Thursday, November 3, 2011
In The Upside of Gifts Made Directly From I.R.A.'s, the New York Times reminds us of some of the circumstances in which a taxpayer may want to benefit charity by effectuating a transfer of money directly from his or her individual retirement account to a charitable donee. Through the end of this year, a taxpayer may arrange for such a transfer to charity in lieu of receiving a required minimum distribution from the IRA. Such amounts transferred are not included in the taxpayer’s gross income. Although the taxpayer cannot claim a charitable contributions deduction for the transfer, in some circumstances, a transfer from an IRA may nonetheless be advisable. The article cites Robin Christian, a senior tax analyst for Thomson Reuters, who explains:
A required minimum distribution raises the recipient’s income, which in turn limits some itemized deductions. Medical expenses, for example, are deductible only to the extent they exceed 7.5 percent of adjusted gross income. A higher income may also put a taxpayer into a higher marginal bracket. The I.R.A. gifts … are particularly beneficial to people in two groups, Ms. Christian said — those who did not itemize deductions and those for whom a gift from regular accounts would exceed the single-year deduction limit of 50 percent of adjusted gross income.
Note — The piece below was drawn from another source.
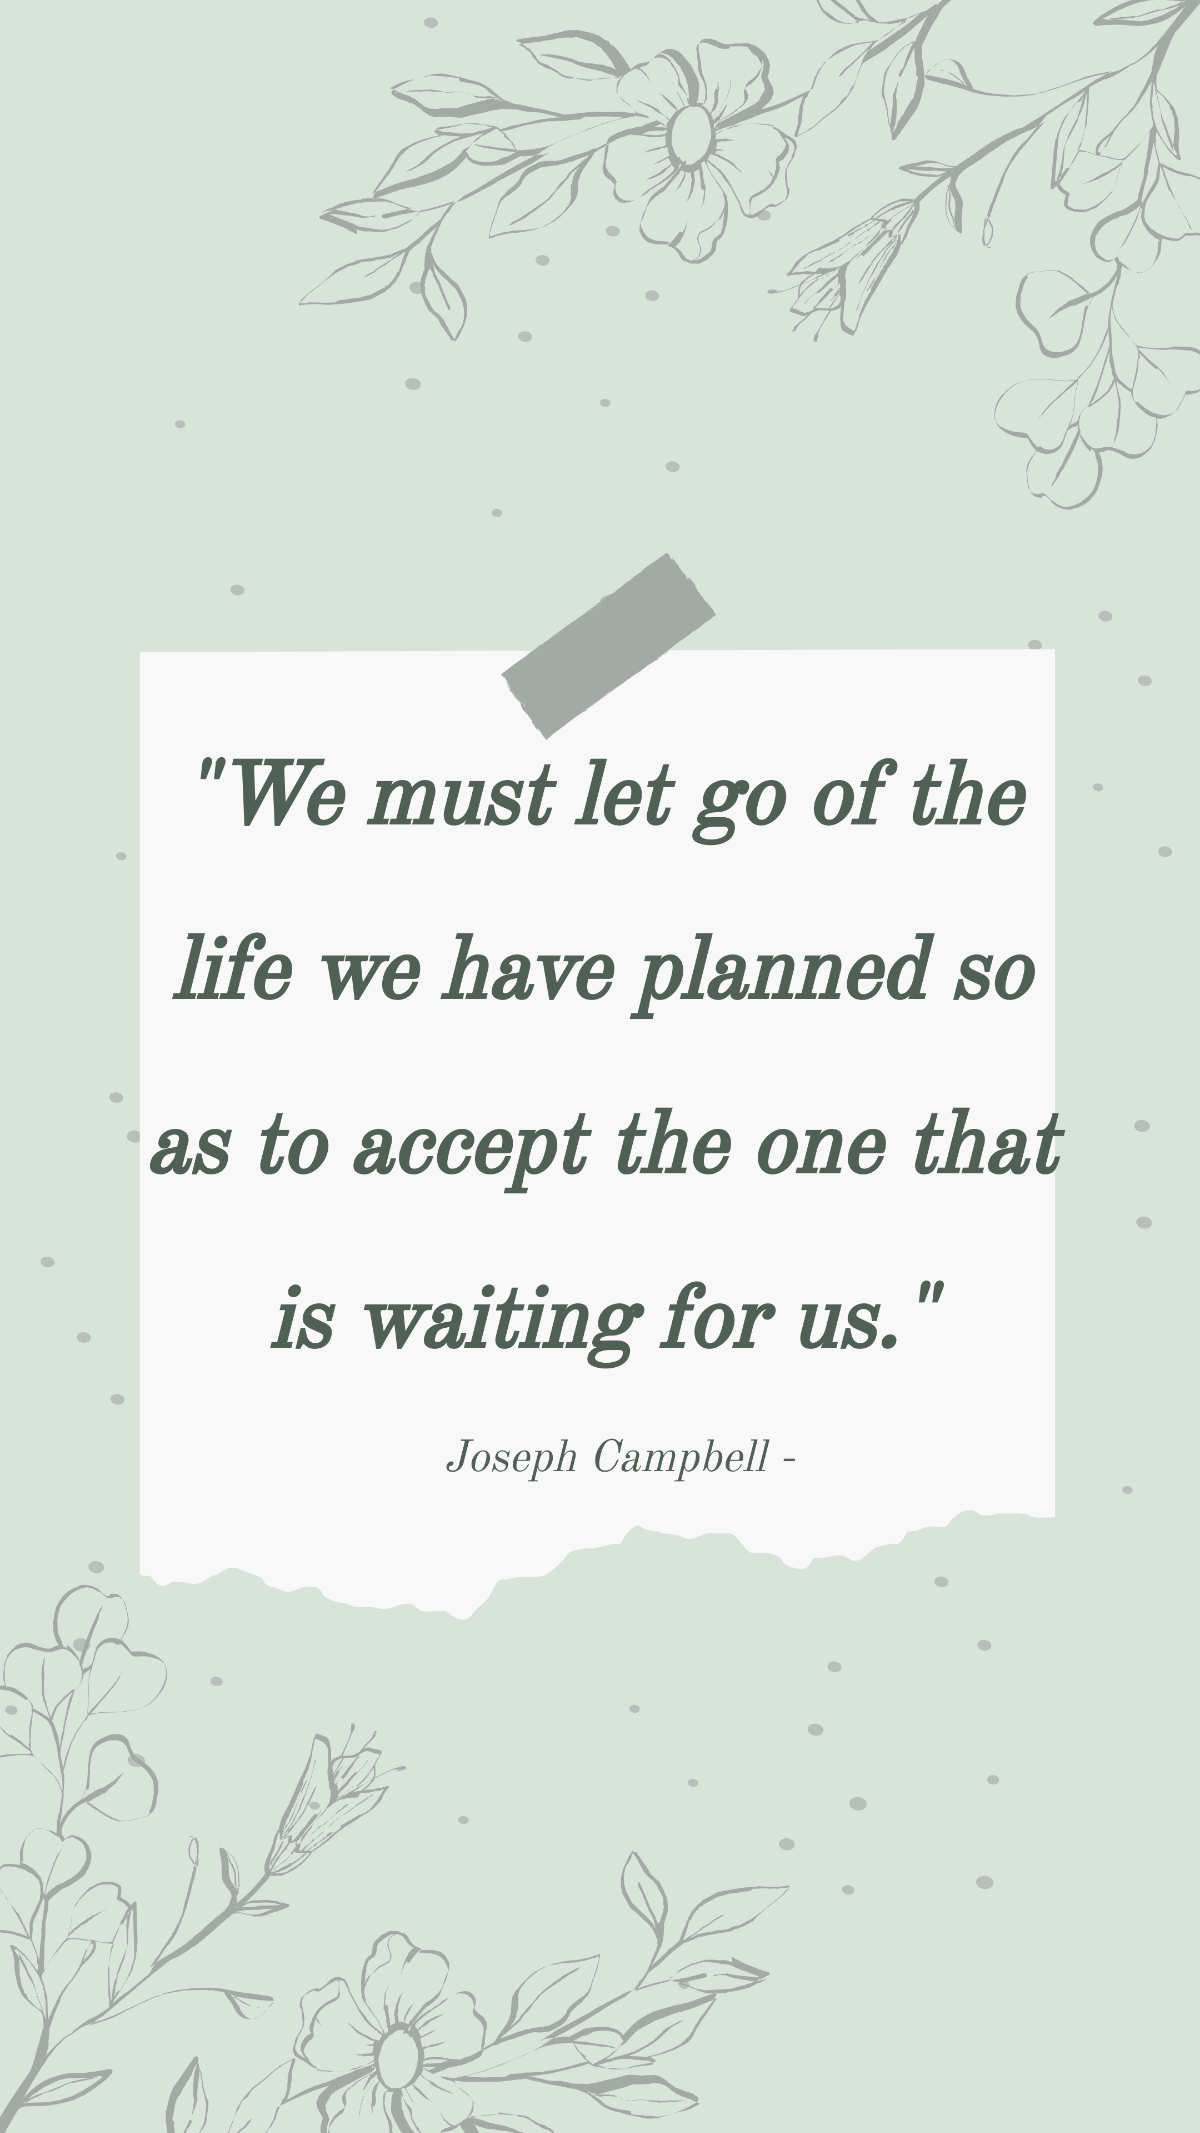 Joseph Campbell - We must let go of the life we have planned so as to accept the one that is waiting for us. Template

The story includes a caveat offered by Chris Zander of Evercore Wealth Management. In the case of those who own outright highly appreciated shares of stock,
“It is better to contribute the highly appreciated stock to the charity in lieu of doing the charitable I.R.A. transfer.” That avoids capital gains tax on the stock and allows for an income tax deduction for the fair market value of the assets contributed.